To identify novel rare gene fusions having a causative role in leukemogenesis and to identify potential targets for personalized therapies, transcriptome profiling was performed on AML cases with rare and poorly described chromosomal translocations.
Bone marrow samples were collected from 5 AML patients (#59810, #20 and #84 at diagnosis and #21 and #32 at relapse). RNAseq was performed using the Illumina Hiseq1000 platform. The presence of gene fusions was assessed with deFuse and Chimerascan. Putative fusion genes were prioritized using Pegasus and Oncofuse, in order to select biologically relevant fusions. The fusions were prioritized according to mapping of partner genes to chromosomes involved in the translocation or to Chimerascan and deFuse concordance.
The CBFβ-MYH11 chimera was identified in sample #84, carrying inv(16) aberration, thus confirming the reliability of our analysis.
Sample #59810 carried the fusion transcript ZEB2-BCL11B (Driver Score, DS=0.7) which is an in-frame fusion and a rare event in AML associated with t(2;14)(q21;q32). The breakpoint of the fusion mapped in exon 2 of ZEB2 and exon 2 of BCL11B. Differently from previous data [Torkildsen, et al, 2015], this fusion transcript showed 3 splicing isoforms. Type 1 isoform is the full-length chimera and it retains all exons of both genes involved in the translocation. Type 2 isoform was characterized by the junction of exon 2 of ZEB2 and exon 3 of BCL11B. In type 3 isoform, exon 2 and 3 of BCL11B were removed, resulting in an mRNA composed by exon 2 of ZEB2 and exon 4 of BCL11B. Gene expression profiling showed an upregulation of ZEB2 and BCL11B transcripts in the patient’s blasts, compared to 53 AML samples with no chromosomal aberrations in the 14q32 region. The same samples showed the WT1-CNOT2 chimera, which is a novel out-of-frame fusion (DS= 0.008) related to t(11;12) translocation, identified by cytogenetic analysis.
Two new in-frame fusion genes were identified in sample #20: CPD-PXT1 (DS= 0.07) which appeared as the reciprocal fusion product of t(6;17) translocation, and SAV1-GYPB, which remained cryptic at cytogenetic analysis (DS= 0.8 alternative splicing events are being investigated). SAV1 was downregulated in sample #20 compared to our AML cohort, suggesting the putative loss of a tumour-suppressor gene.
Sample #21 carried a t(3;12) translocation and RNAseq identified a novel fusion event between chromosomes 19 and 7, involving the genes OAZ and MAFK (DS= 0.9). Finally, no chimeras were confirmed in sample #32 having a t(12;18) translocation.
Our data suggest that fusion events are frequent in AML and a number of them cannot be detected by current cytogenetic analyses. Gene fusions cooperate to AML pathogenesis and heterogeneity and we are further investigating the oncogenic potential of the identified translocations. Moreover, the results firmly indicate that different approaches, including G-banding, molecular biology, bioinformatics and statistics, need to be integrated in order to better understand AML pathogenesis and improve patients’ stratification, High-resolution sequencing analysis currently represent the most informative strategy to tailor personalized therapies.

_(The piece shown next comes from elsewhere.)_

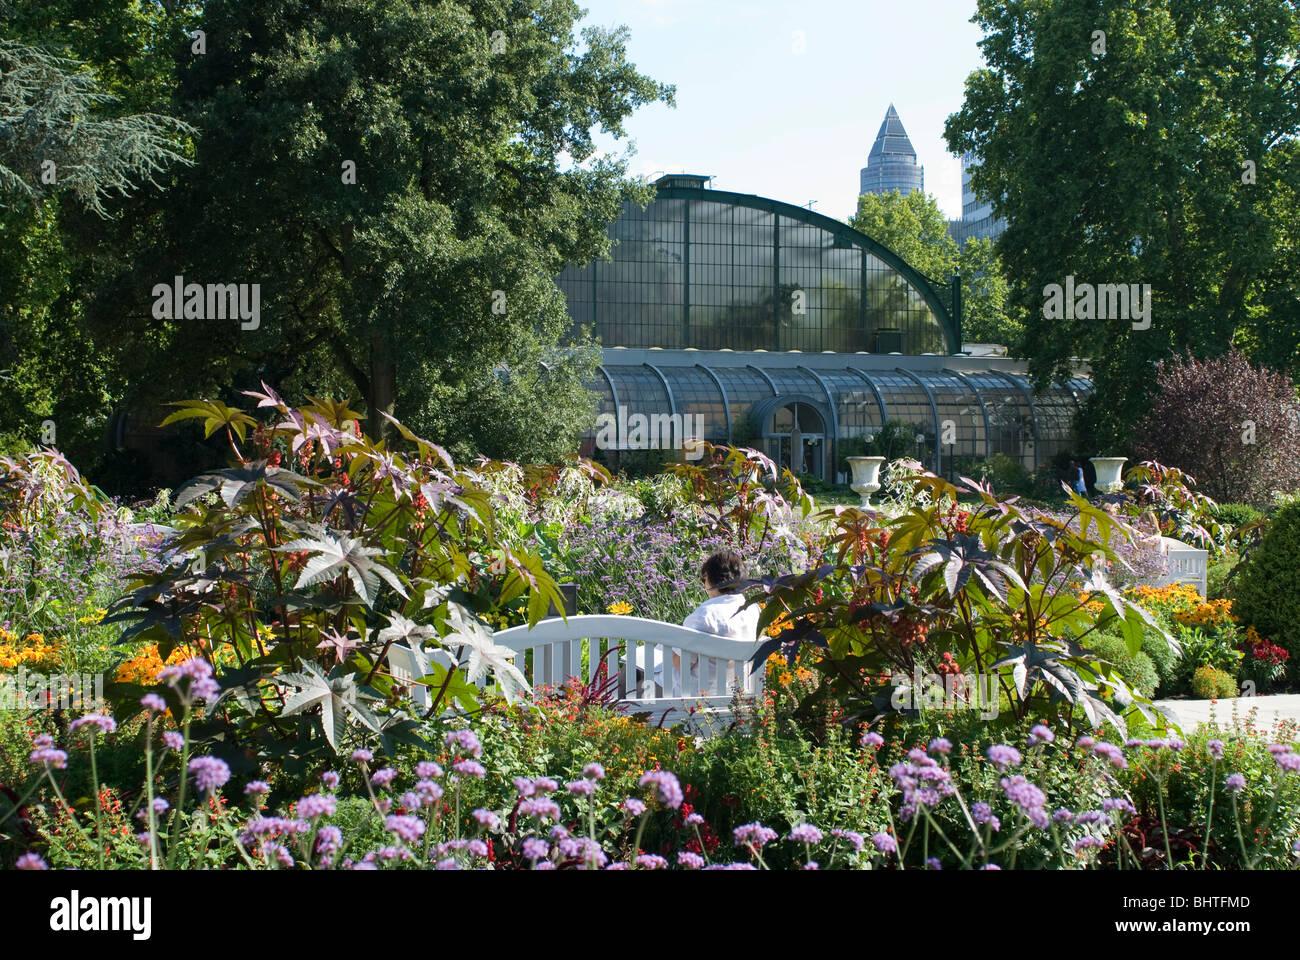 palmengarten botanical garden in frankfurt tropicarium and skyline stock photo royalty free. Black Bedroom Furniture Sets. Home Design Ideas

Acute Lymphoblastic Leukemia
High-resolution genome-wide profiling analysis of B-cell precursor acute lymphoblastic leukemia (BCP-ALL) samples previously identified many novel somatic genetic alterations, several of which have clear implications for risk stratification or future therapeutic targeting. However, most of the studies focused on pediatric cases. Therefore a deep molecular characterization of adult patients is still challenging, especially for those cases lacking recurrent fusion genes. Moreover, T-ALL are caused by a combination of fusion genes, over-expression of transcription factors and cooperative point mutations in oncogenes and tumor suppressor genes, which requires deep investigation.

Clustering Adult Acute Lymphoblastic Leukemia (ALL) Philadelphia Negative (Ph-) by Whole Exome Sequencing (WES) analysis
We performed whole exome experiments (Illumina Hiseq2000) to discover novel insights into the mechanisms involved in leukemogenesis and to develop genetic models that accurately define novel adult Ph-negative B-ALL subtypes (and negative for the recurrent known molecular rearrangements) based on the genomic profile of individual adult patients. Point mutations are the prevalent mechanism identified in our cohort (41 patients; 75.5% of SNVs) and Indels are less represented (21.5%). Analysis of SNVs confirmed mutations in important genes known to be involved in leukemogenesis (PAX5, JAK2, TP53, PTPN11). Using KEGG database we mapped the 651 mutated genes to detect the mostly represented pathways. The Jak-STAT signaling pathway (11 genes) and the Cell Cycle (13) pathways resulted to be significantly enriched in our cohort, which may be effectively targeted by currently available JAK inhibitors. We further investigate through an amplicon-based approach the molecular markers identified in large Ph -negative B-ALL cohorts. Preliminary results showed that TP53 and PTPN11 are the most frequently mutated genes (25% and 10%, respectively) in this subtype of B-ALL leukemia.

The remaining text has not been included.